_Exercise objective_
Restate the listing below line for line and word for word, without the pictures.

[Information provided — start]

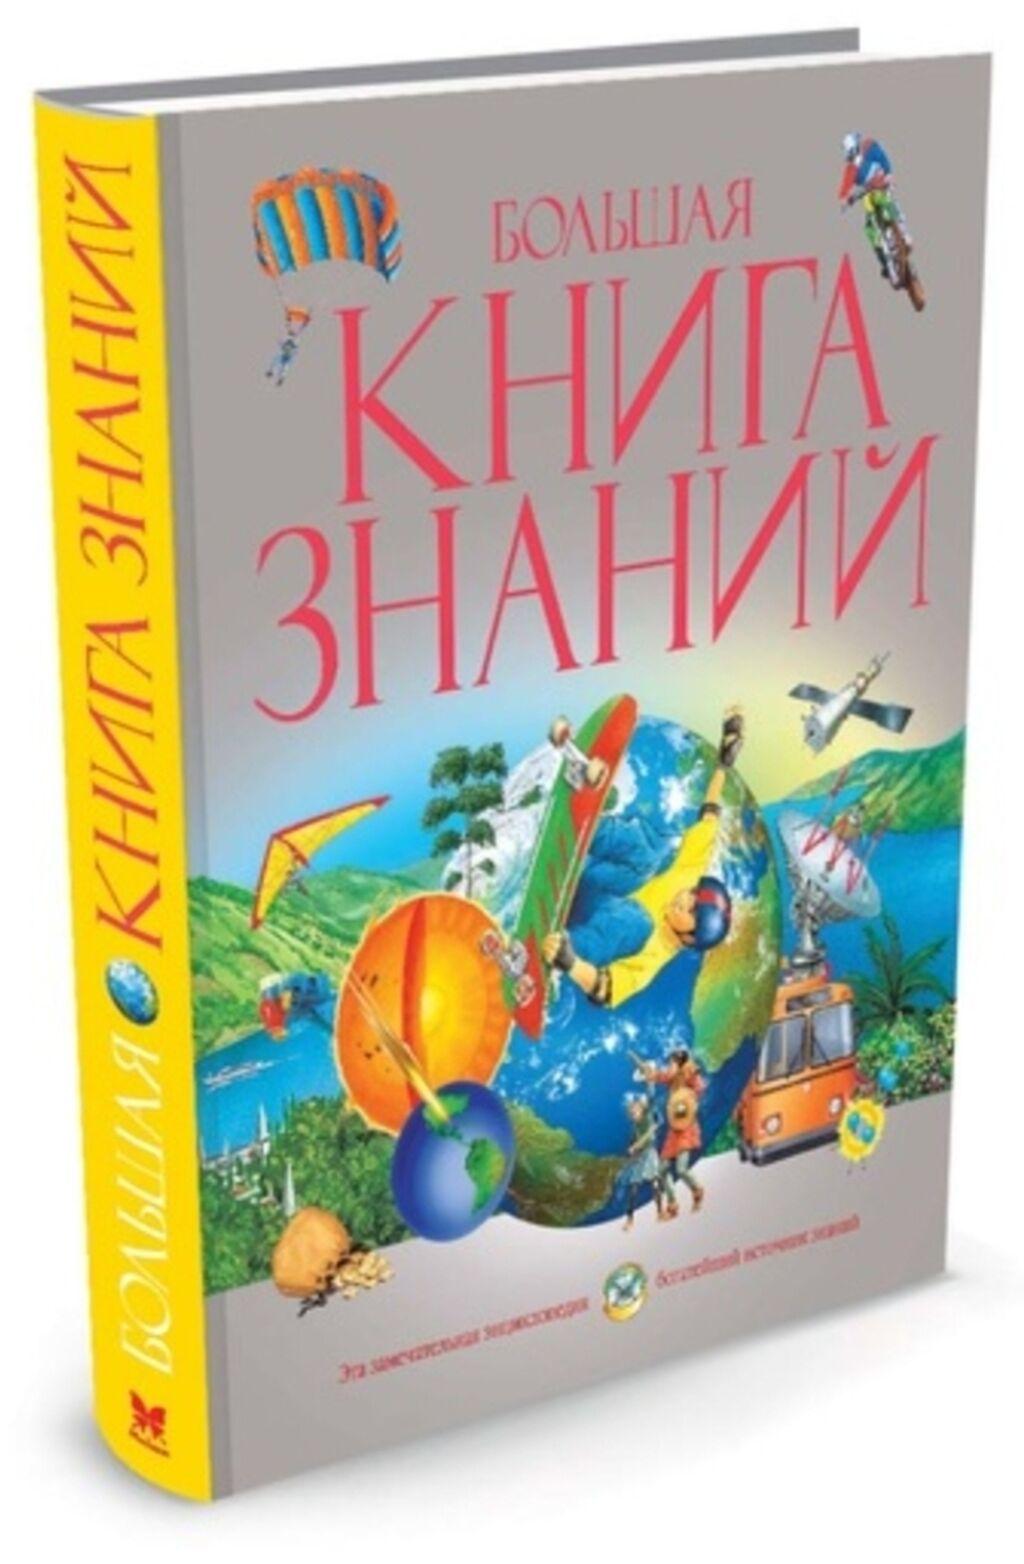 Книга знаний|maxaon| Объявление создано 15 Сентябрь 2021 14:13:06: Книга знаний|maxaon|
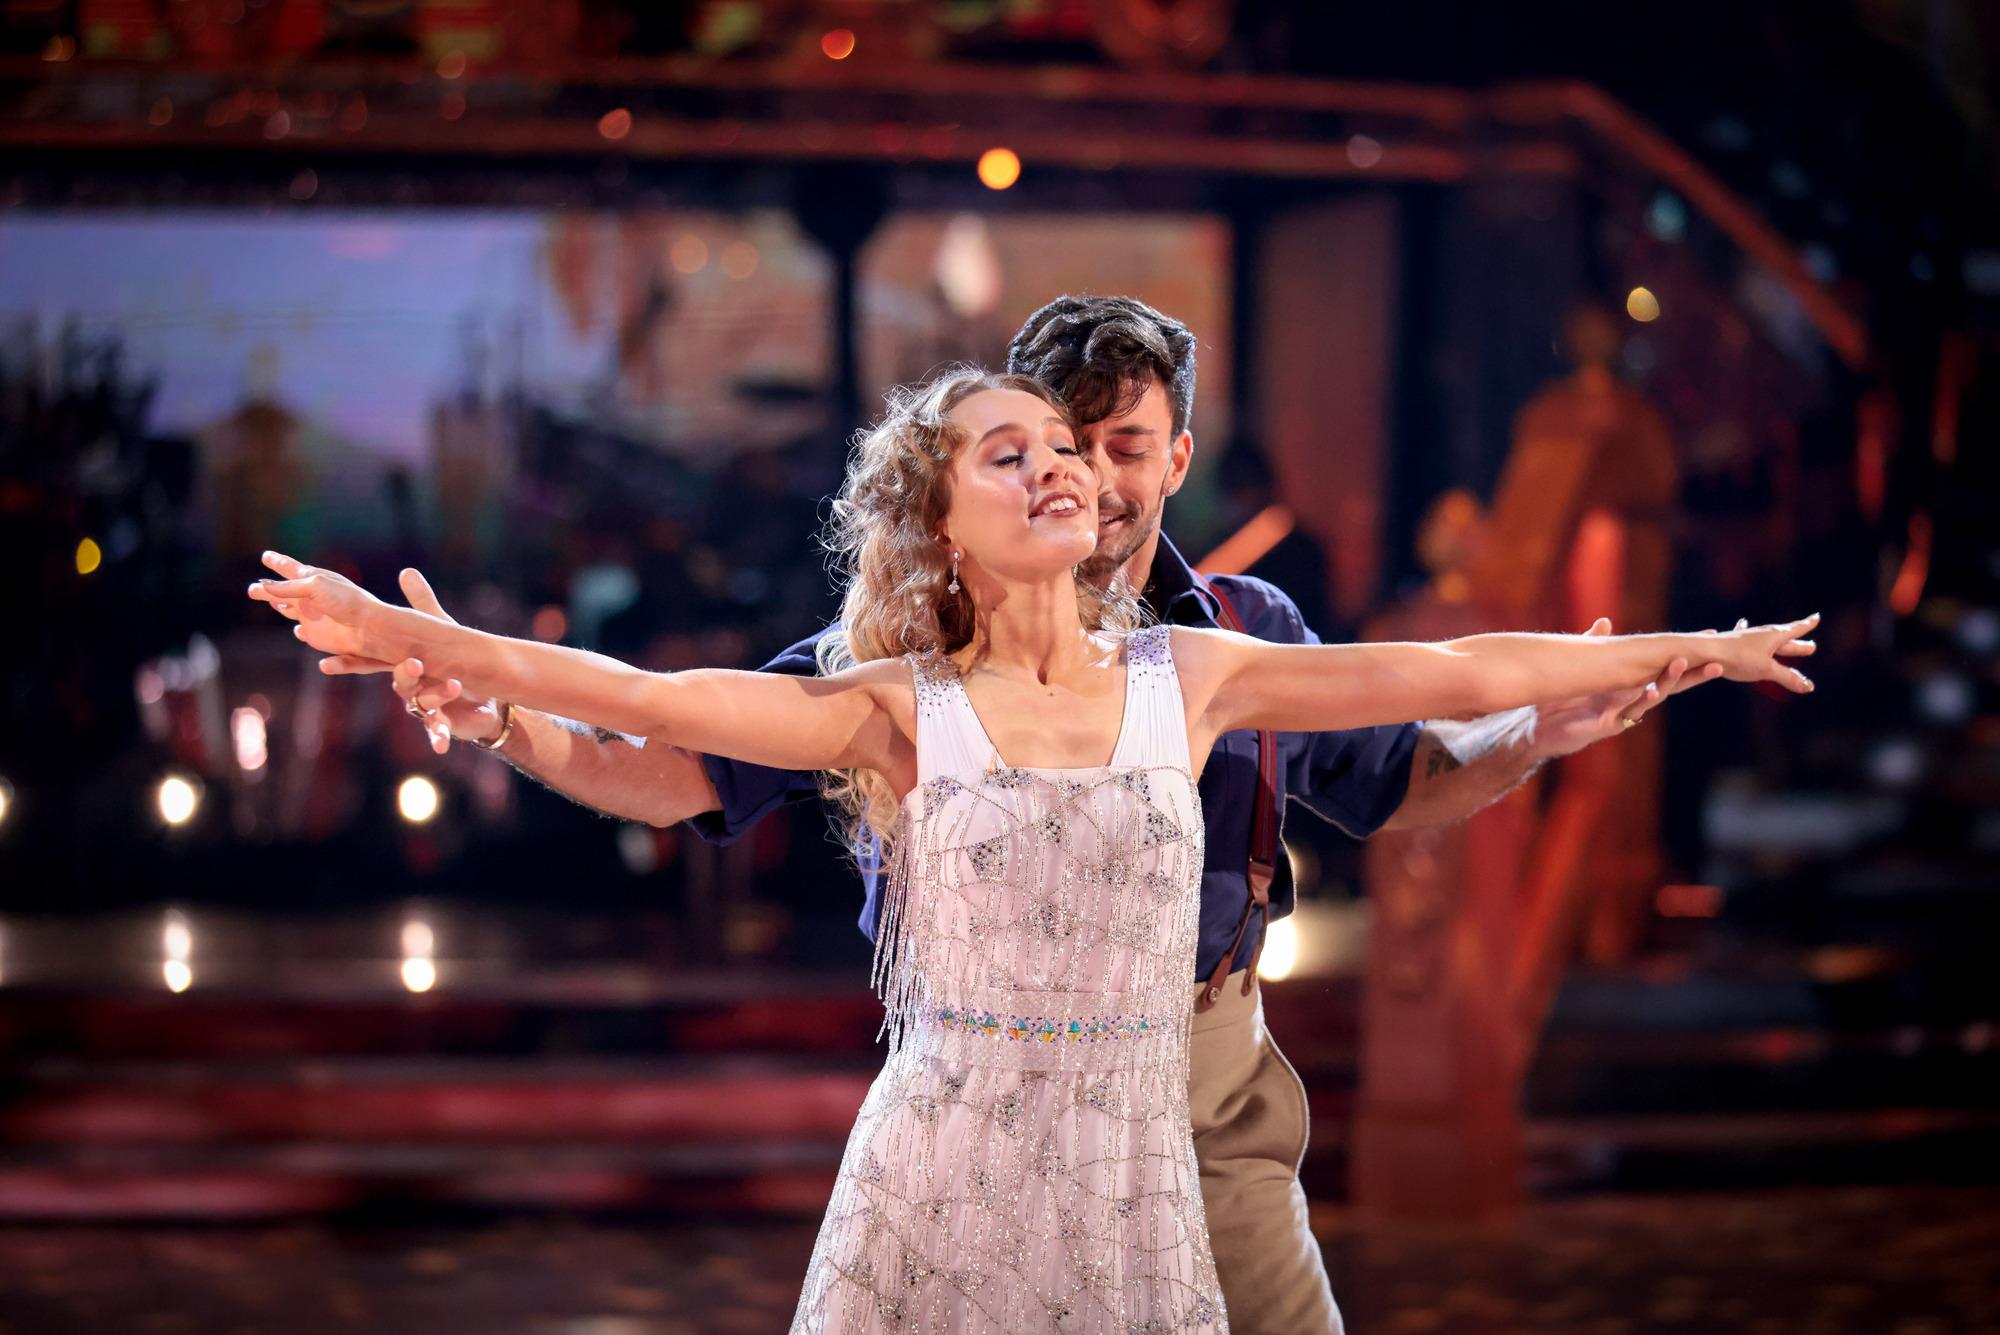 Rose y Giovanni en Move Week en Strictly Come Dancing
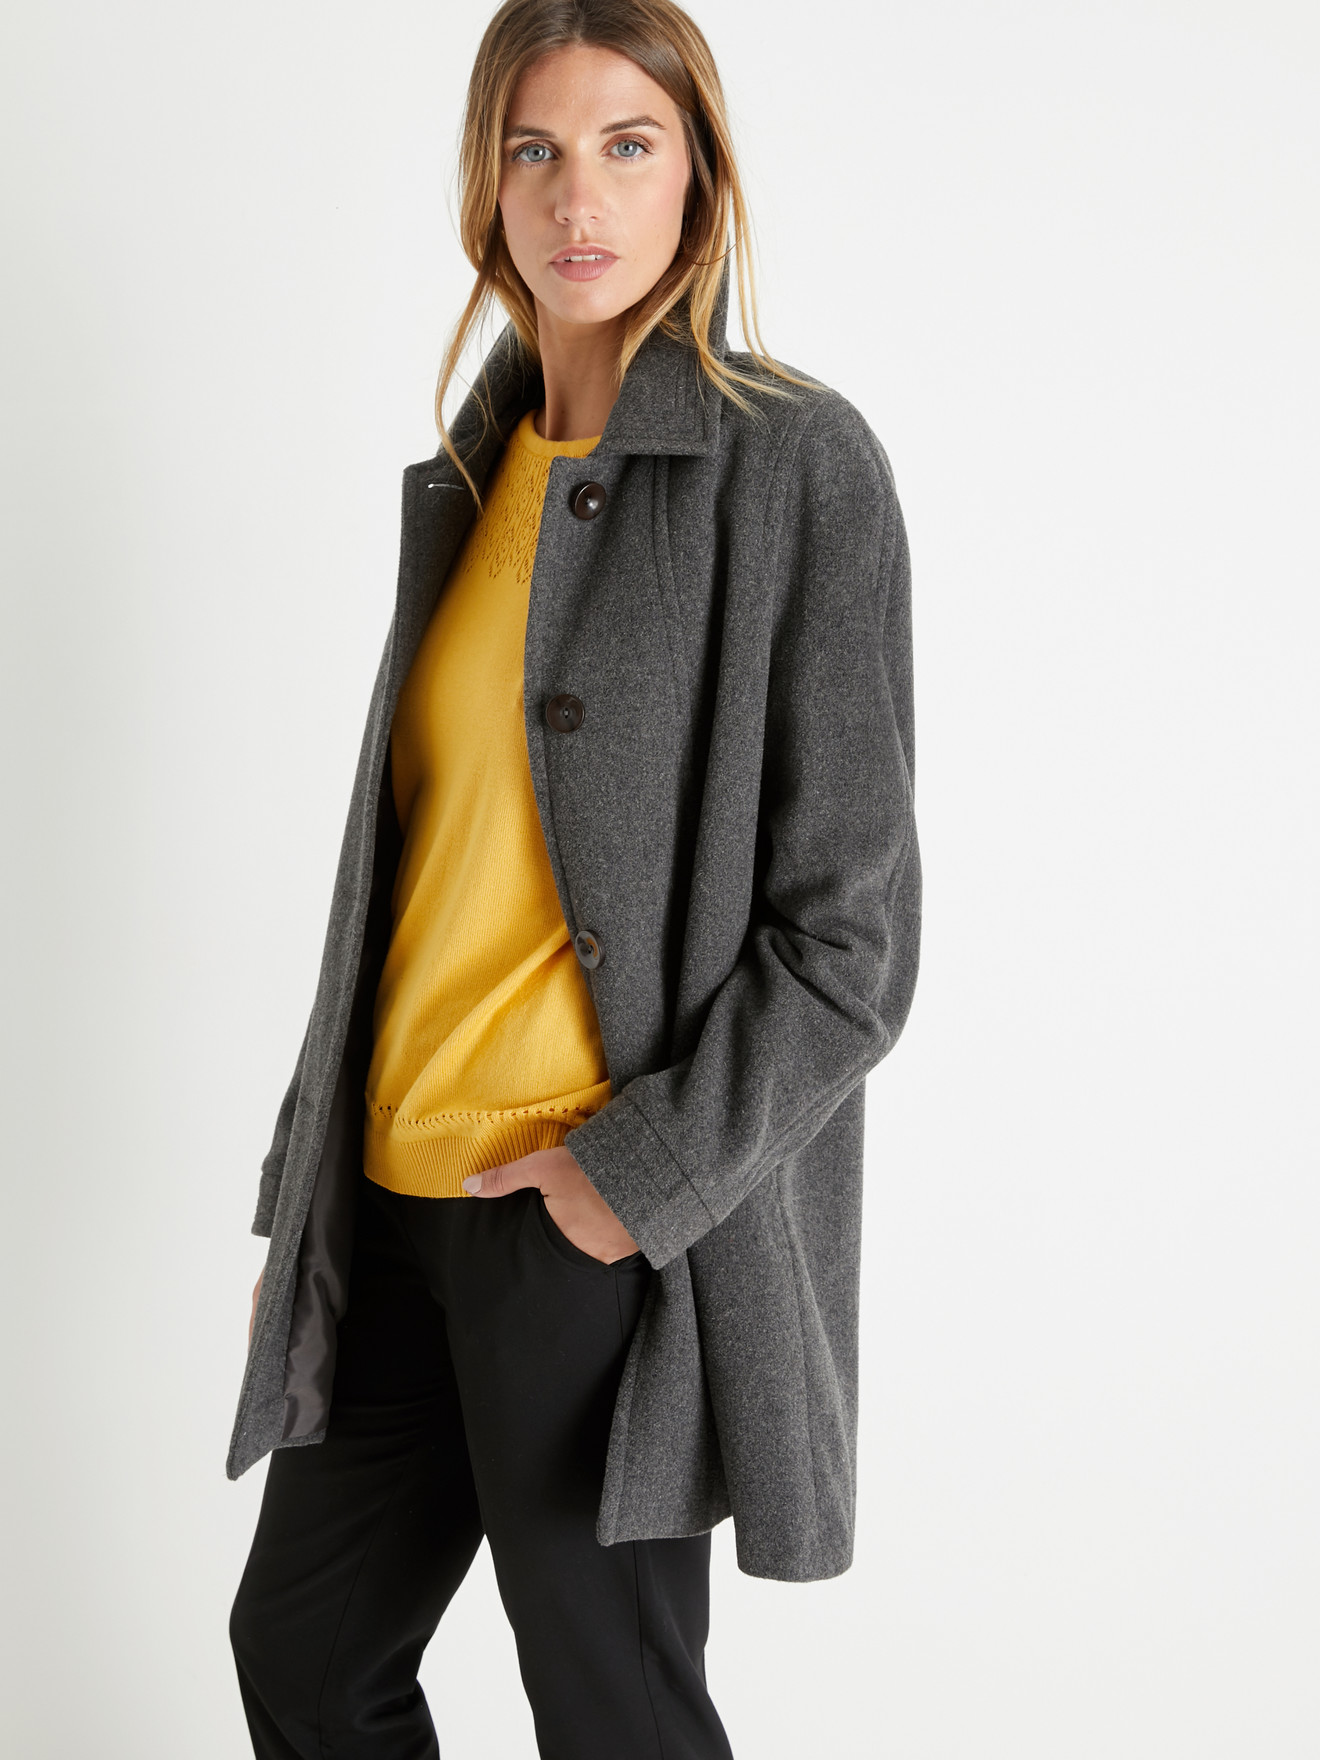 Manteau 34 drap de laine et cachemire Balsamik

[Information provided — finish]

_Answer space_
 Книга знаний|maxaon| Объявление создано 15 Сентябрь 2021 14:13:06: Книга знаний|maxaon|
 Rose y Giovanni en Move Week en Strictly Come Dancing
 Manteau 34 drap de laine et cachemire Balsamik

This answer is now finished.